TASK DESCRIPTION: Could you print the stretch of lines below from the one with "Seydou Keïta Seydou Keïta" through the one with "Tirage gélatino-argentiq&hellip;", exactly as they stand and without any pictures?

AVAILABLE RECORDS:

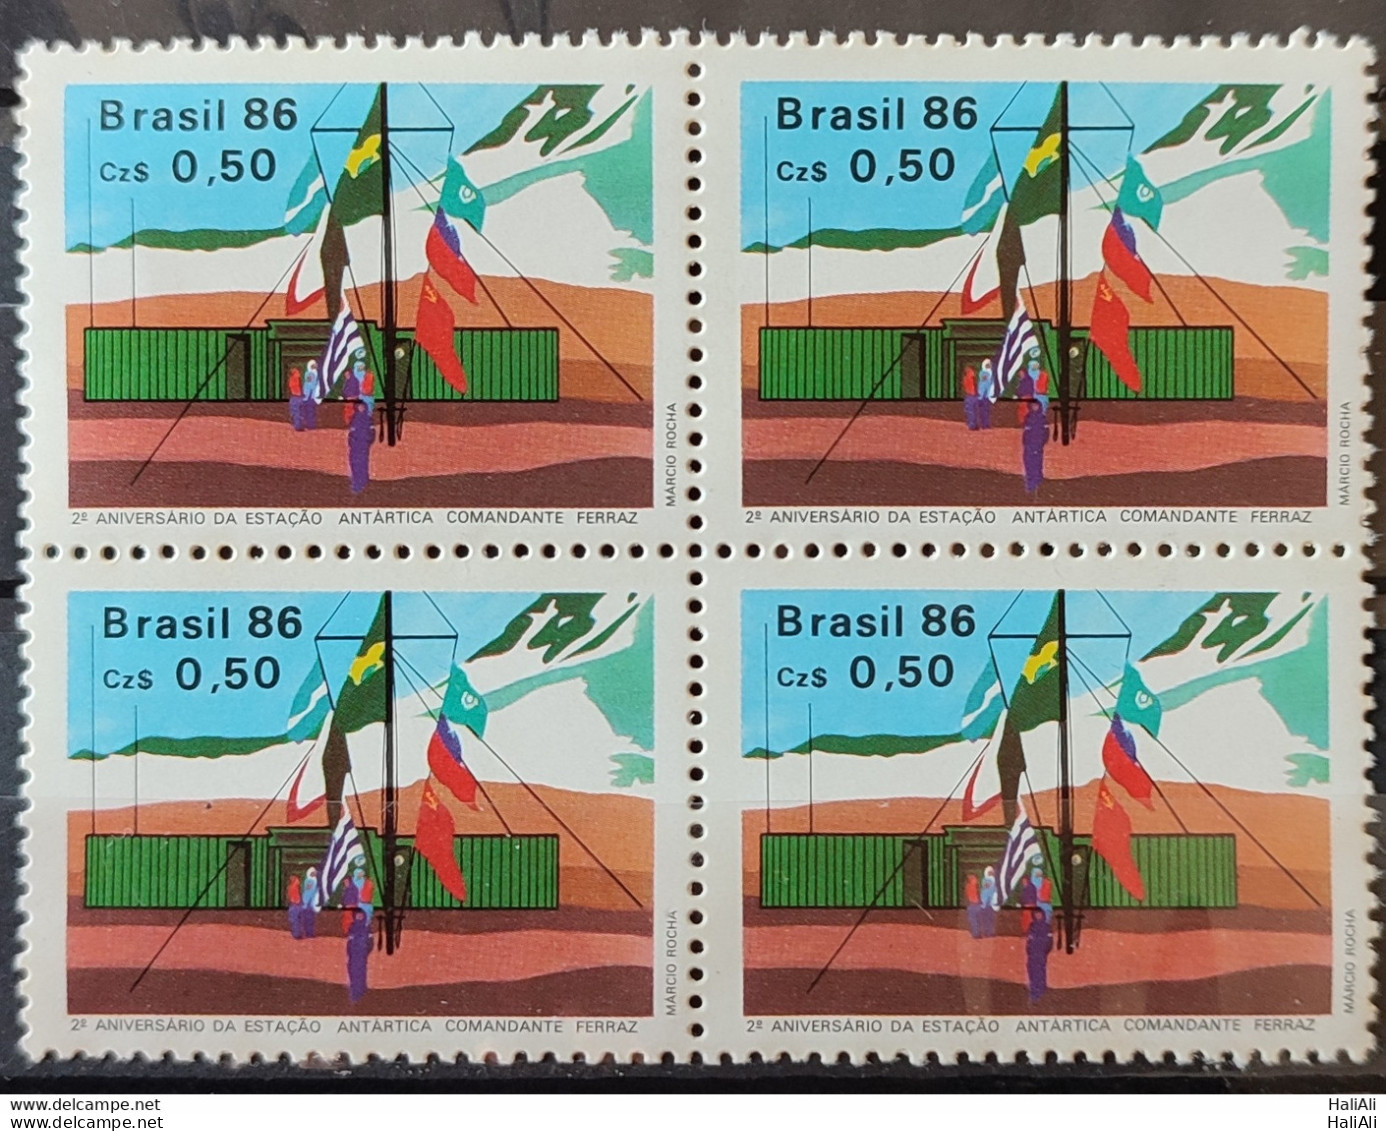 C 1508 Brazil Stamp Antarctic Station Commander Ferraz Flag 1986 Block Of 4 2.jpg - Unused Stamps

...

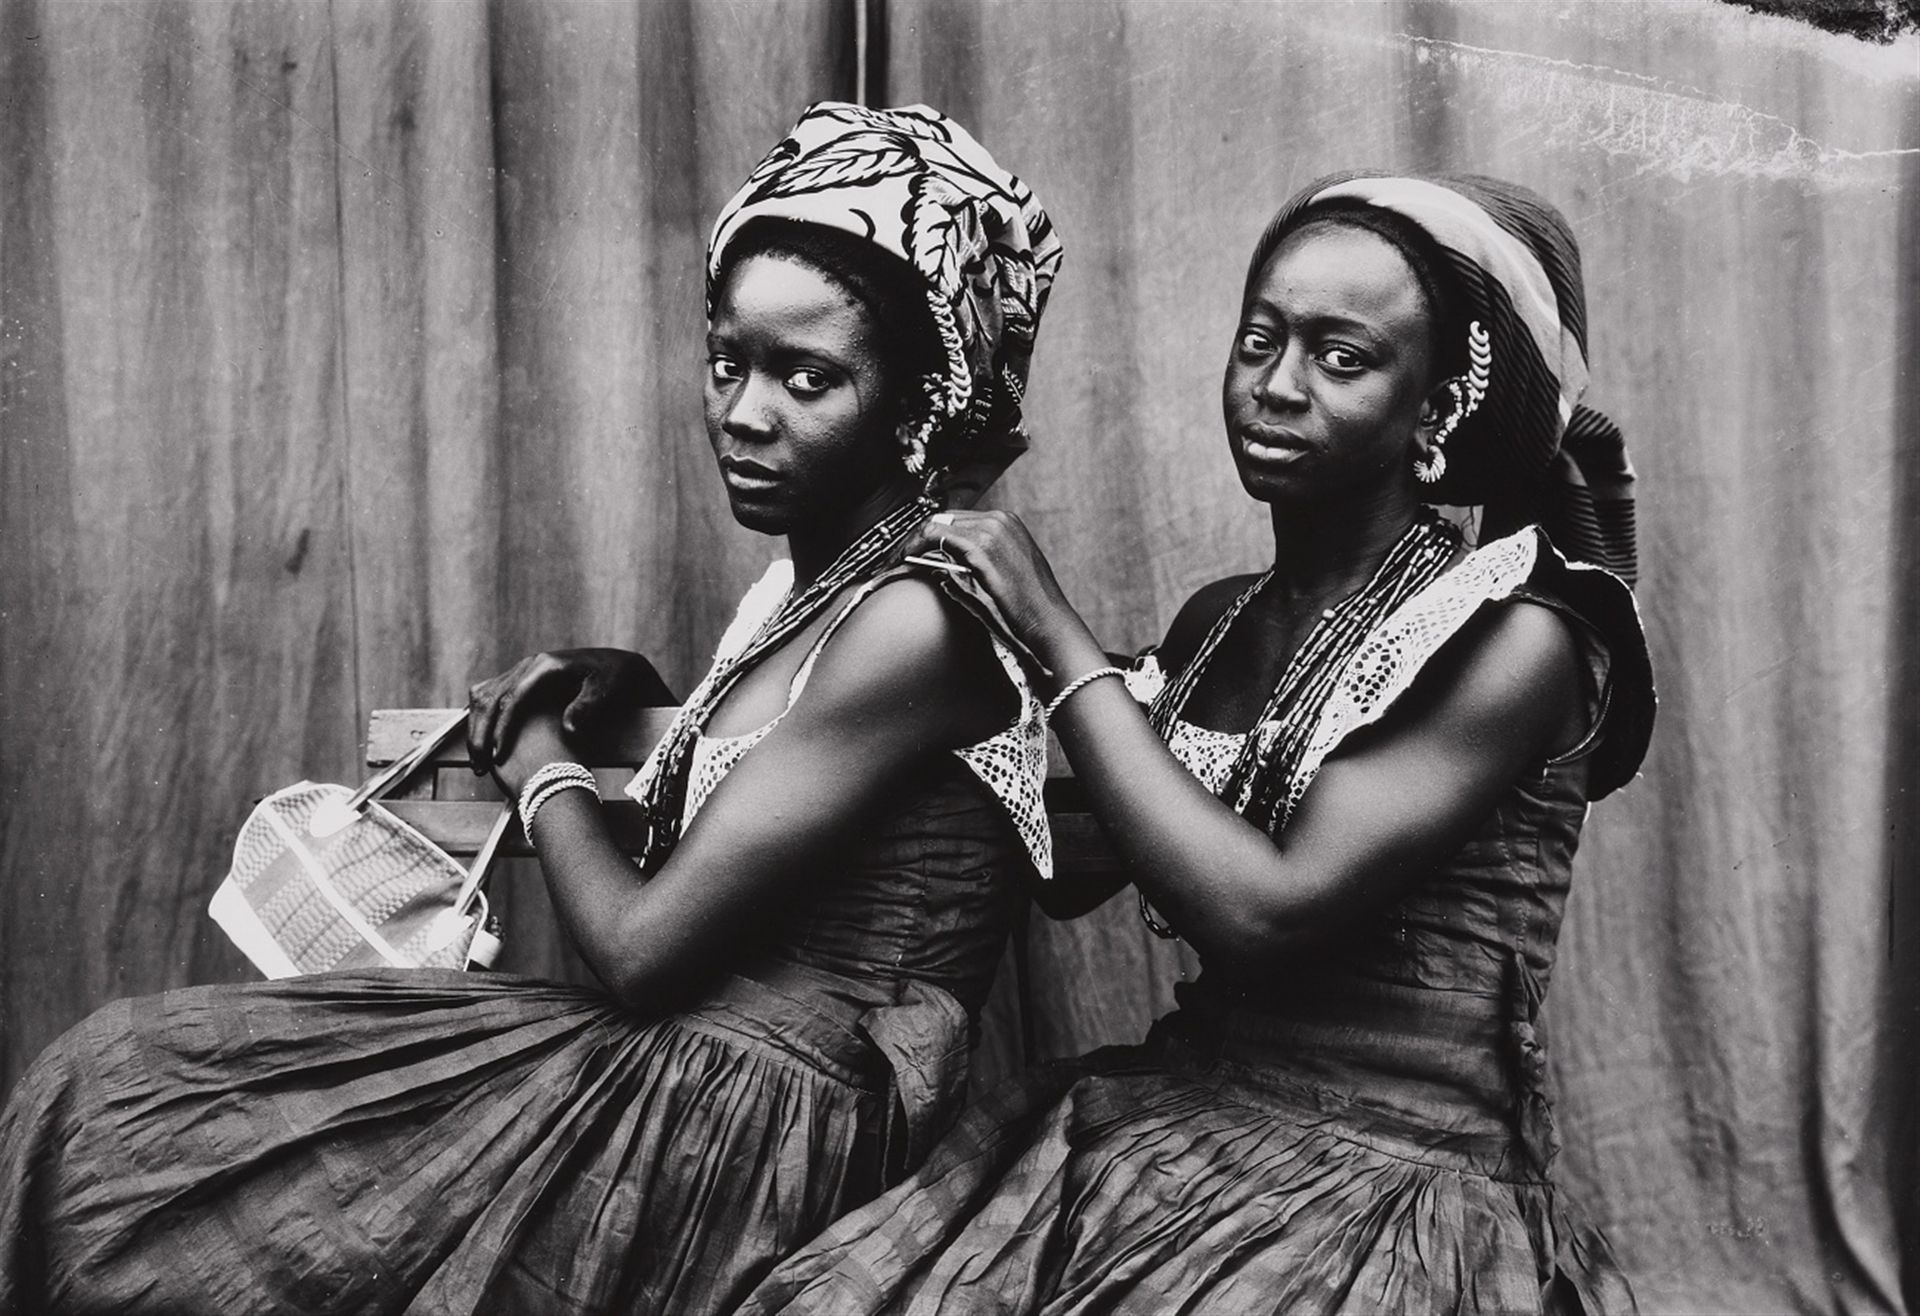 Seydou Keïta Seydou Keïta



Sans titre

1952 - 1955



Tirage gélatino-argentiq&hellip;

==

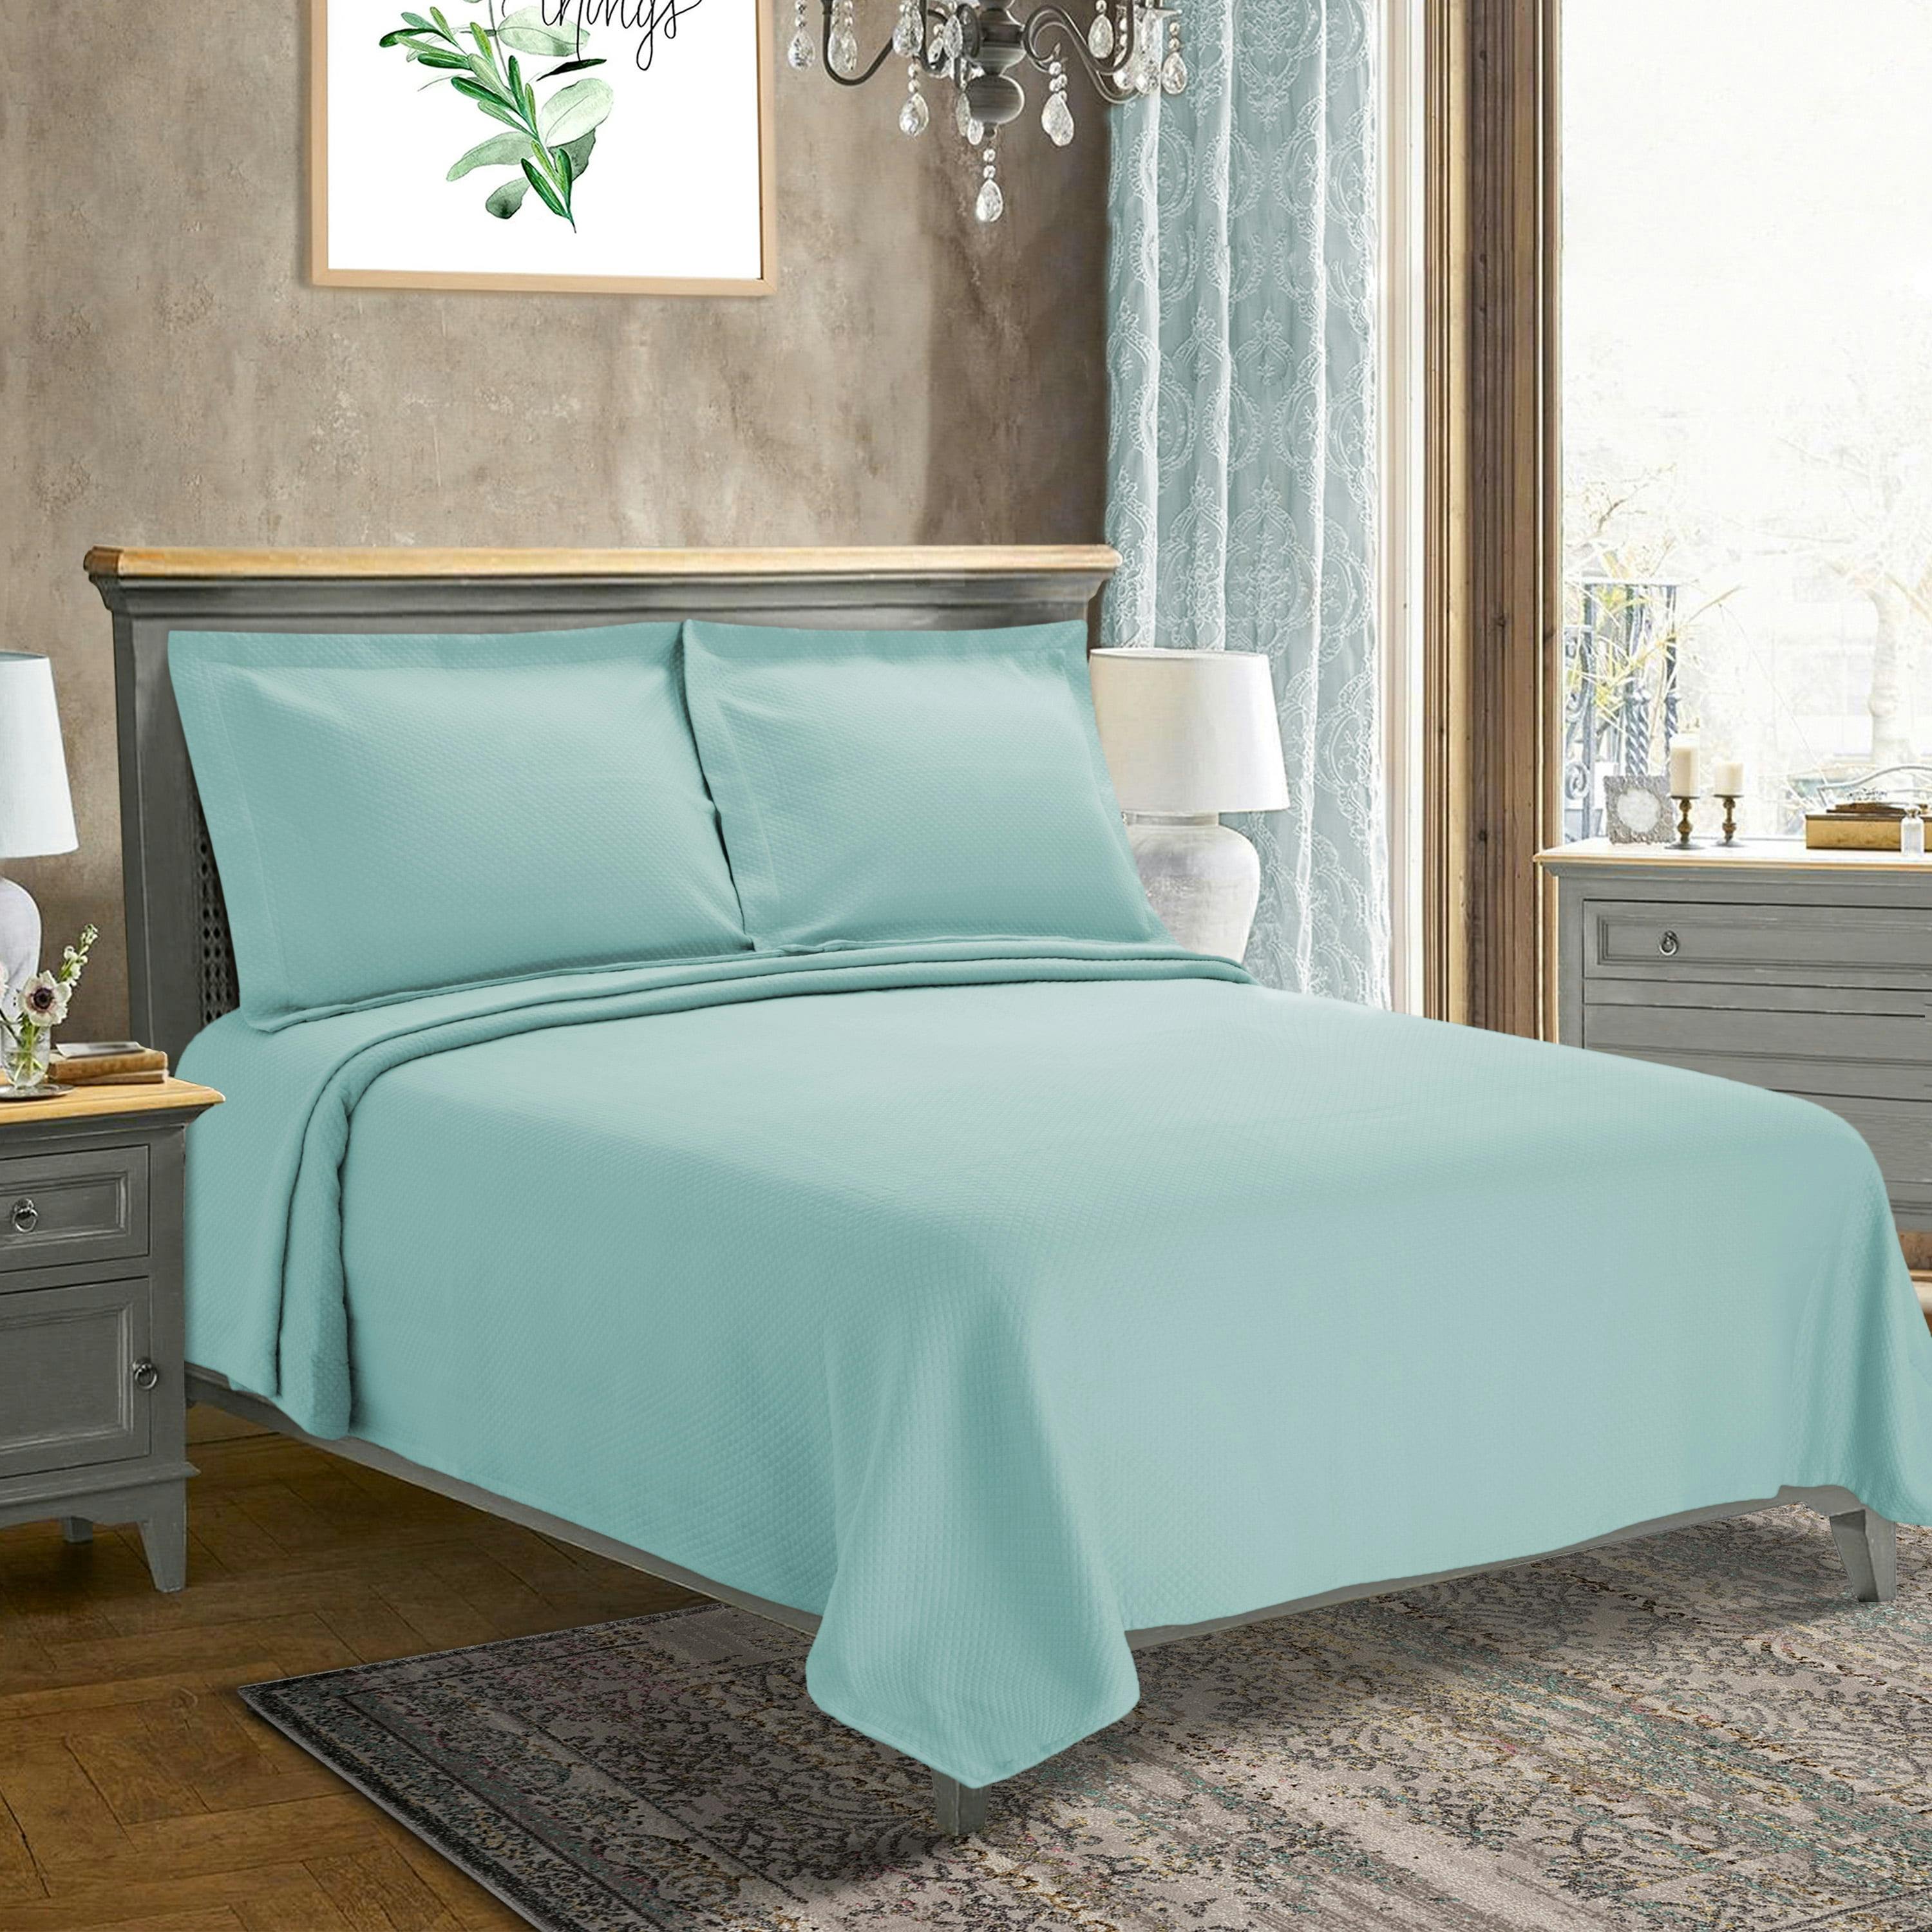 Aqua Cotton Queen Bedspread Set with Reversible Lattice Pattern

SOLUTION TO THIS TASK:
 Seydou Keïta Seydou Keïta



Sans titre

1952 - 1955



Tirage gélatino-argentiq&hellip;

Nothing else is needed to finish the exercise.